Esa carta es la belleza y la tragedia. Es alcoholismo poético, luna ráfaga de ira y ternura, de violencia y arrepentimiento. Burton se olvida de su actual esposa y vuelve la mirada al gran amor de su vida, porque sabe que quedan pocos recodos en el camino, pocas millas más que recorrer. Y entonces, en su lejana casa de viejo amargo la contempla desde lejos y le habla, le increpa, la llora. Le cuenta lo que ve desde allí donde está, «el lago opaco, la tapia de lluvia, la ventana ciega«. Así es el paisaje de su despedida, cómo no añorar entonces los ojos violeta, cómo no desear que la gata amarilla maúlle la sombra de Liz y no de la intrusa, de la esposa apacible que le cerrará los ojos cuando muera. Confiesa el derrumbe anodino que supones esa calma impuesta por la propia supervivencia. No se podía amar así, tanto, tan mal, a alguien, no desde la cercanía que iba matándolos a los dos.
«Repta el domingo por la tarde, bebo,
las campanas del pueblo doblan a muerto,
y las hojas del patio corren como ratas de mi delirio,
déjame escribirte que estoy triste como un perro viejo
y que mi soledad es una casa enorme, vacía, inútil como ésta.»
Ella es planeta, silueta de diosa antigua, eternidad. Y lo eterno no desaparece, no se esfuma un astro, ni una divinidad, permanecen allí donde estaban mucho después de que el hombre que los contemplaba fascinado descanse bajo la tierra. Burton entendía que ella era eterna, no solo una mujer de carne y hueso y ojos de un color imposible.
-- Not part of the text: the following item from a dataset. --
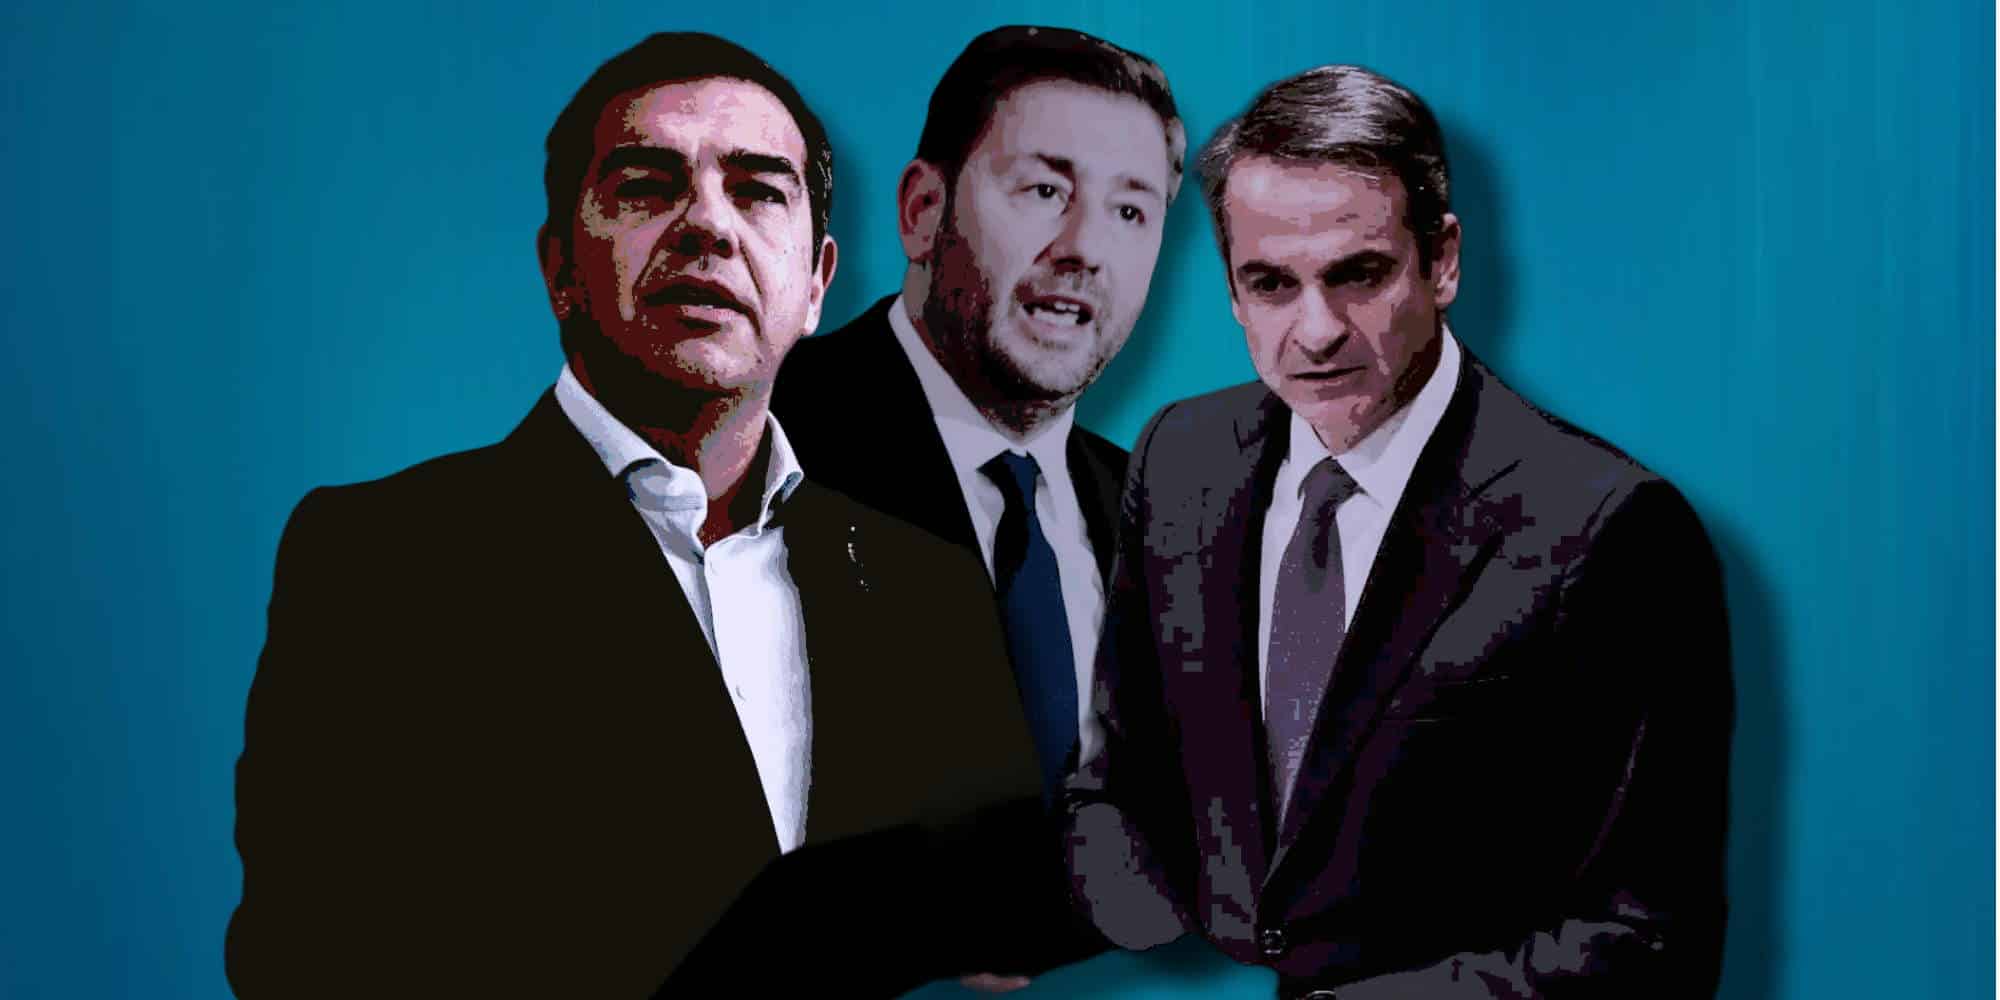 Οι αρχηγοί των τριών πρώτων σε ισχύ κοινοβουλευτικών κομμάτων, Αλέξης Τσίπρας, Νίκος Ανδρουλάκης και Κυριάκος Μητσοτάκης - Εκλογές
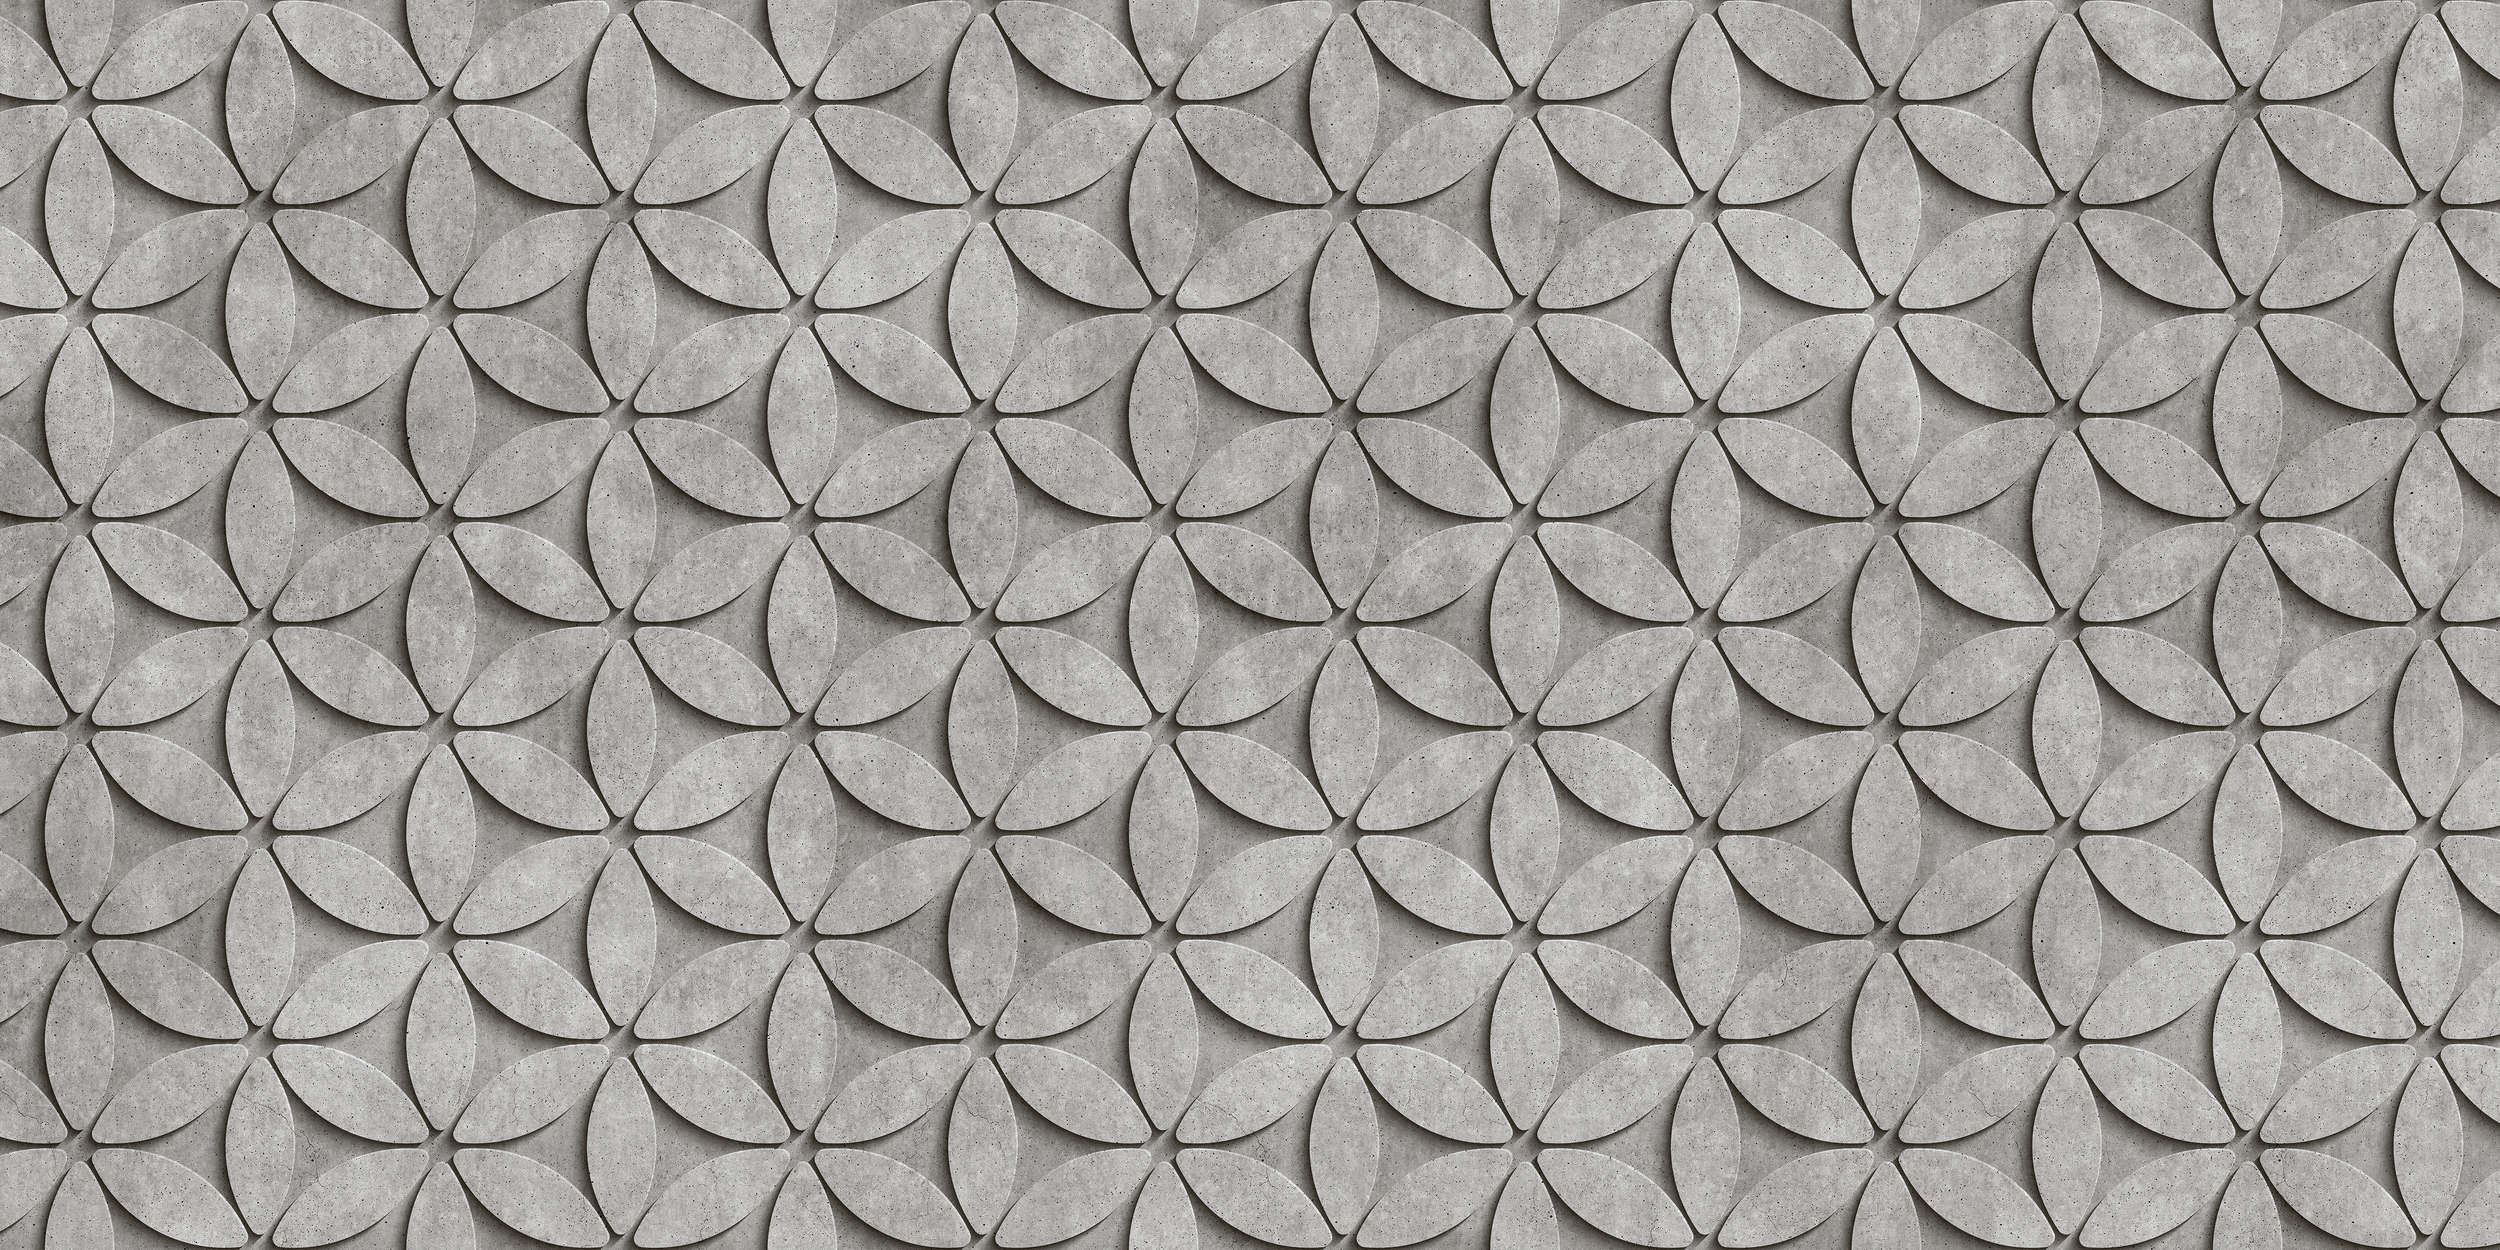             Tile 1 - Papier peint en polygone de béton 3D cool - gris, noir | Intissé lisse mat

Ella estaba desde siempre en el centro del cielo, en la memoria de los fieles, ella se quedaría para siempre en el centro de cada pensamiento, de cada instante en que la deseó, más allá de la vida y de la muerte, del pasado y del hoy, empequeñecido por su ausencia.
«Te veo a través de mis lágrimas suicidas que tanto te aman,
y erguido contra mi destino me da por pensar que te has quedado,
que el tiempo no ha pasado, que esto no es la carta de un borracho
sino un poema desbaratado,
que Berna es Roma, tú Cleopatra y yo Antonio,
siempre vuelve aquel tiempo que habitamos como huéspedes del éxito:
jets, yates, Monet, diamantes de sesenta y nueve quilates, Cartier,
nuestra cama a la deriva por los remolinos del Tíber,
las caricias de los celos y los mordiscos del deseo,
los seducciones del engaño y el beso de la culpa,
cuando nuestro amor era una playa desierta, idílica, hipnótica,
pero donde siempre se gestaba la tormenta de alguna pelea.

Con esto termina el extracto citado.